Why this matters: As businesses navigate complex data landscapes, Dremio's hybrid catalog for Apache Iceberg simplifies cross-environment data management, enhancing compliance and security. This tool supports better business agility and informed decision-making, offering a competitive edge in industries increasingly reliant on sophisticated data solutions. 

SNOWFLAKE

TL;DR: Snowflake has launched AI-powered security features to enhance data protection, including real-time anomaly detection and automated incident response, significantly improving compliance and customer trust in cloud environments.

  • Snowflake has introduced AI-driven security features to enhance the protection of sensitive data on its platform.

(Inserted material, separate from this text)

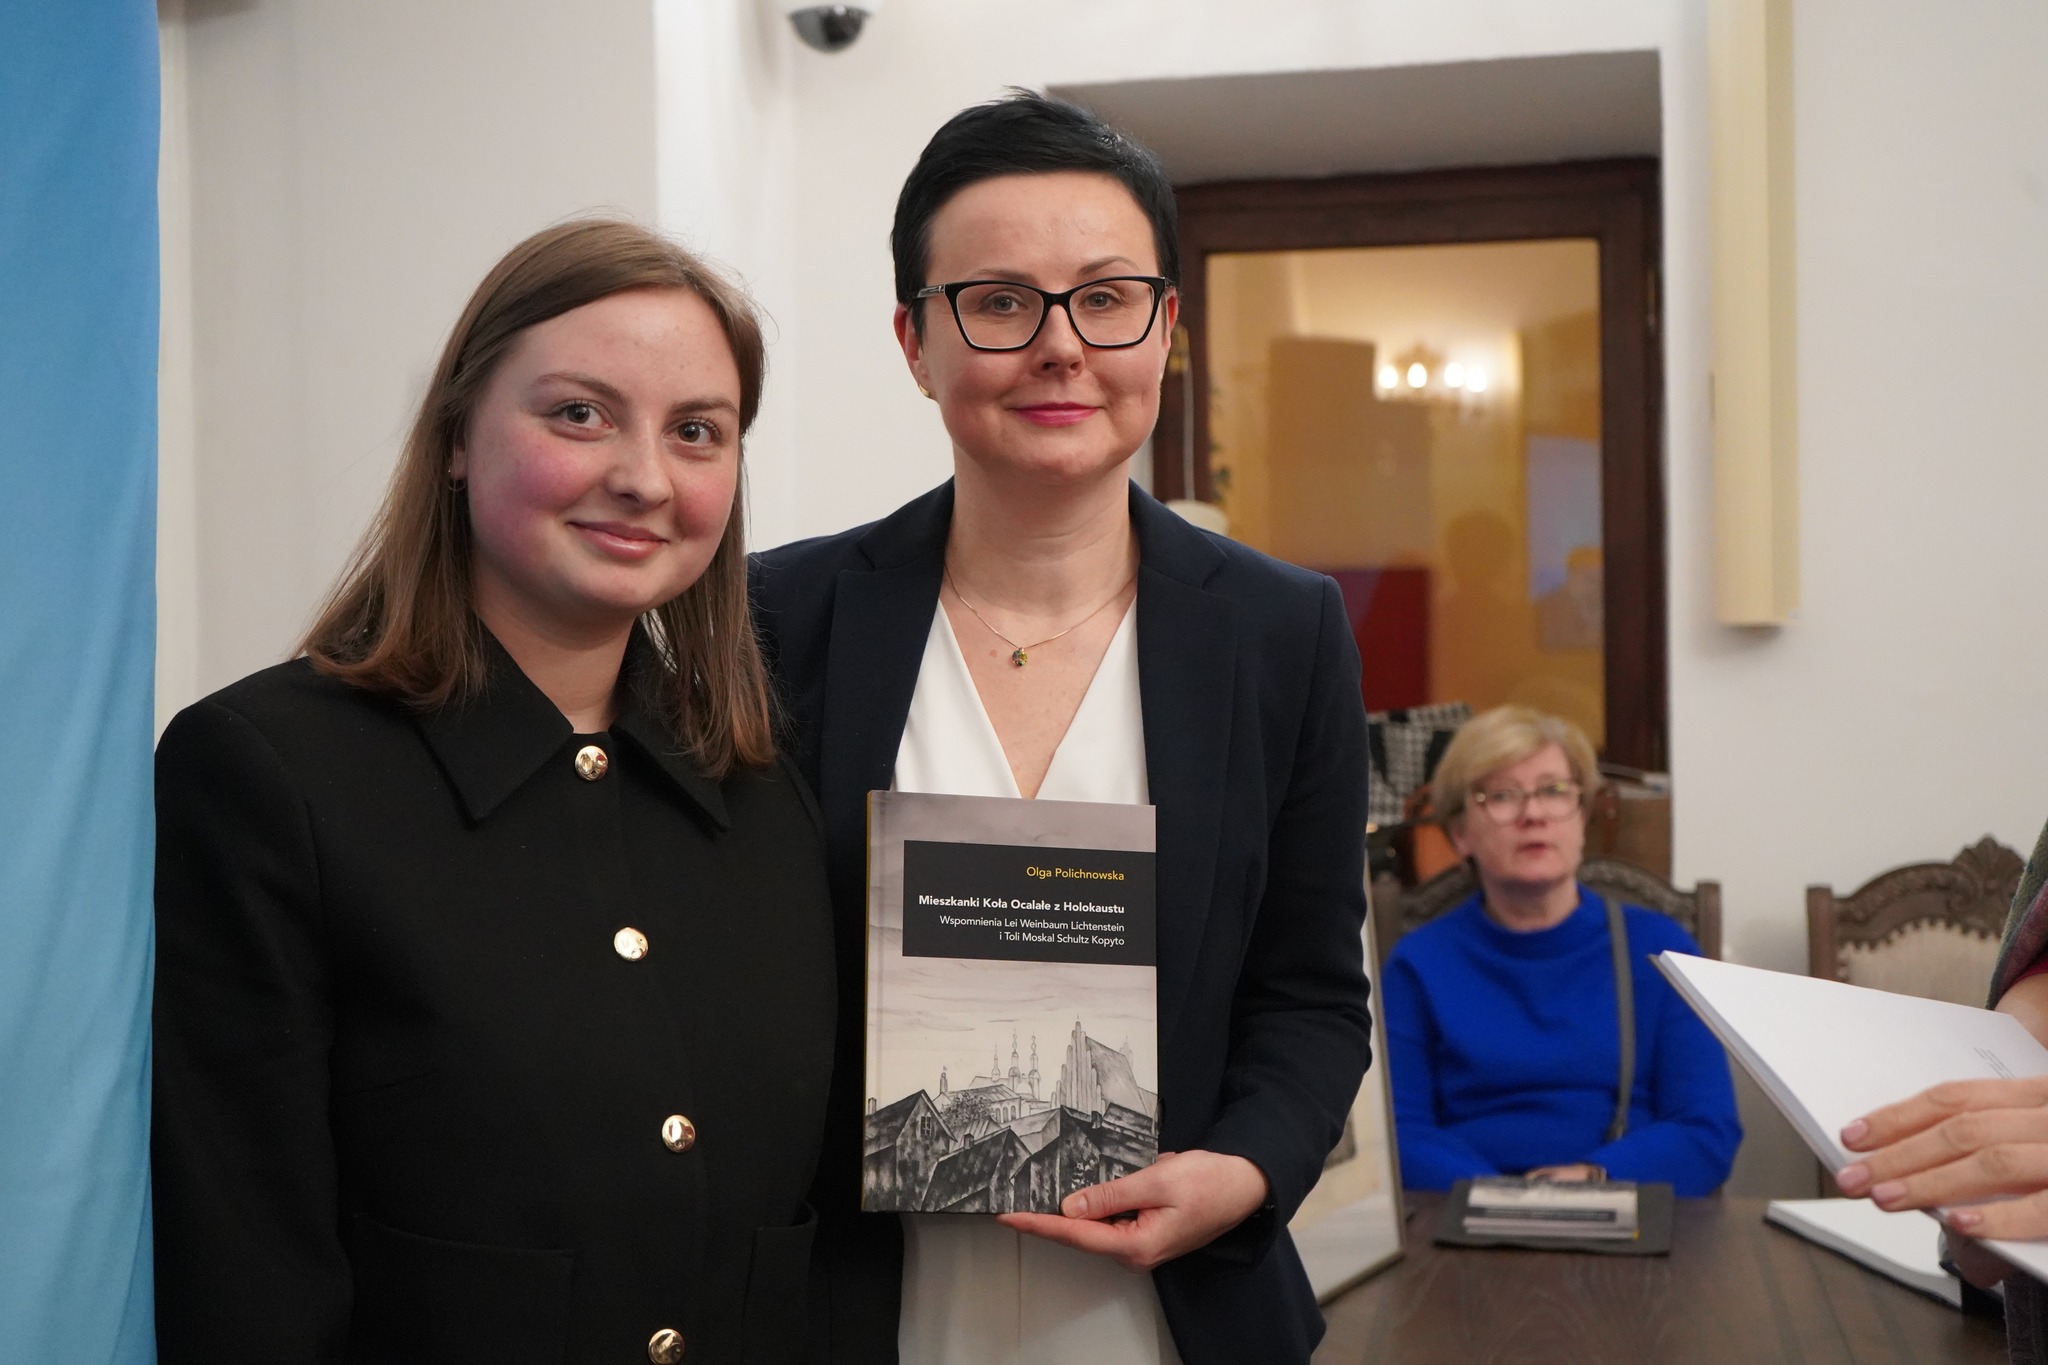 Sekretarz Miasta Monika Ciesielska z egzemplarzem książki w dłoniach i autorka Olga Polichnowska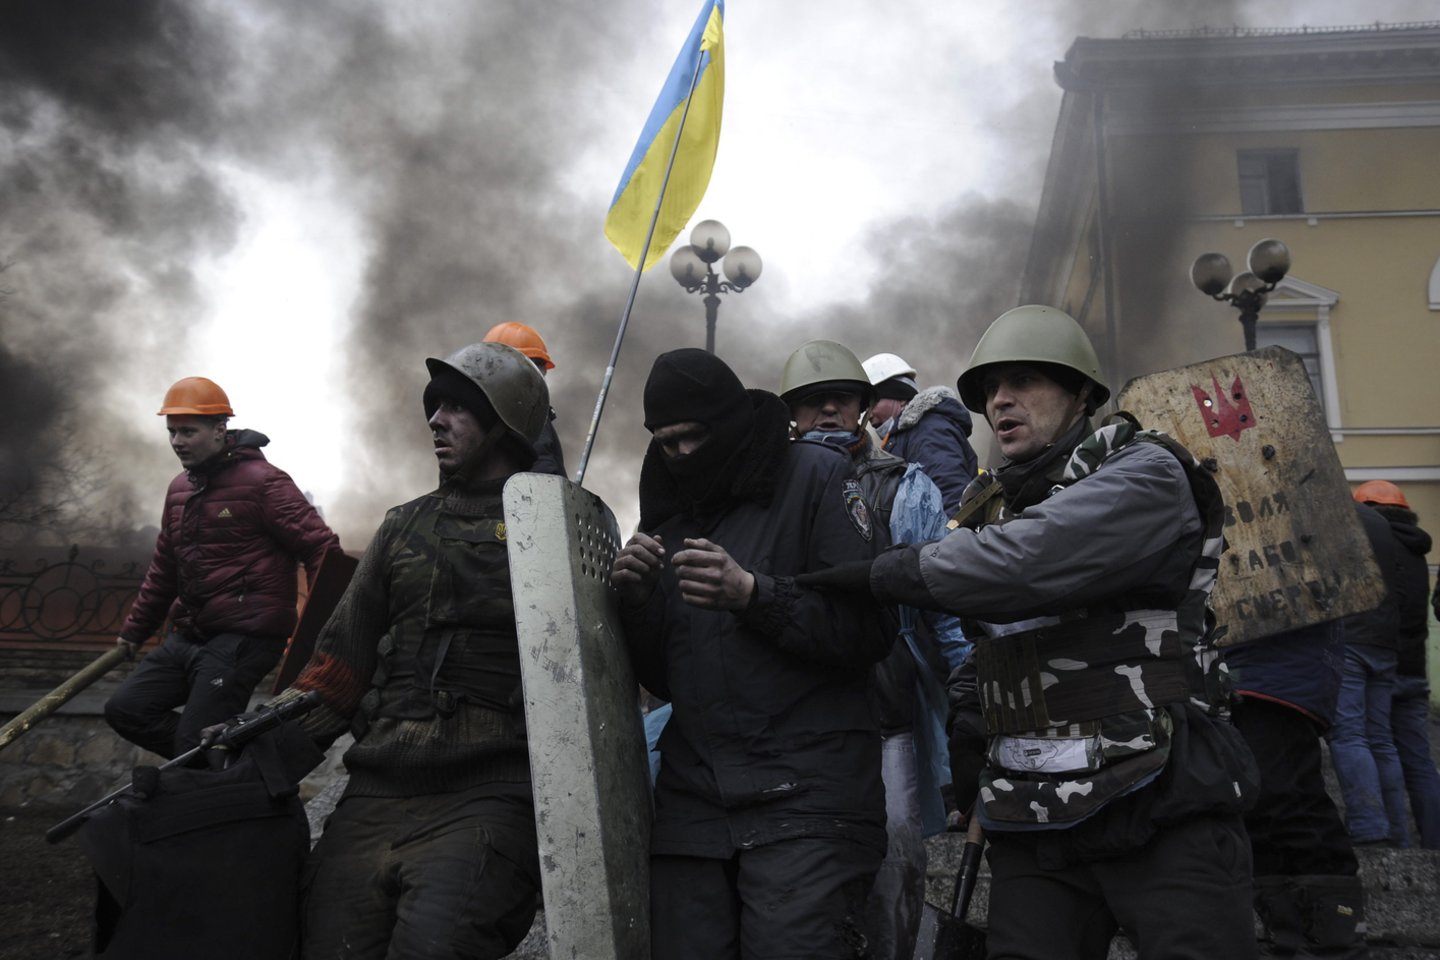  2014 m. Kijeve kilo proeuropietiška revoliucija, kuri pareikalavo mažiausiai 82 žmonių gyvybių. Buvo nuverstas prezidentas Viktoras Janukovyčius, tačiau Rusija aneksavo Krymą, o prorusiški separatistai pradėjo karinį konflikt Donbaso regione, kuris nėra išsprestas dar ir šiandien.<br>Reuters/Scanpix nuotr.

  • The "Snowflake's Data Protection" feature monitors data access patterns and detects anomalies in real-time.

  • Automated workflows for remediation utilize AI to streamline incident response processes and improve recovery times.

  • These enhancements bolster data security, aid compliance, and support customer trust within the tech industry.

Why this matters: Snowflake's AI-driven security features signal a crucial evolution in data protection. As data becomes central to business strategy, integrating AI strengthens security, aids compliance, and maintains customer trust. This not only reduces breach risks but also ensures regulatory alignment, fostering enhanced growth and innovation in the tech industry.

AWS


TL;DR: AWS launched a hosted Apache Iceberg service on S3 to improve data management, simplify data lakes, enhance querying, and reduce costs for enterprises focused on big data analytics.

  • AWS has launched a hosted Apache Iceberg service to enhance data management on its S3 storage solution.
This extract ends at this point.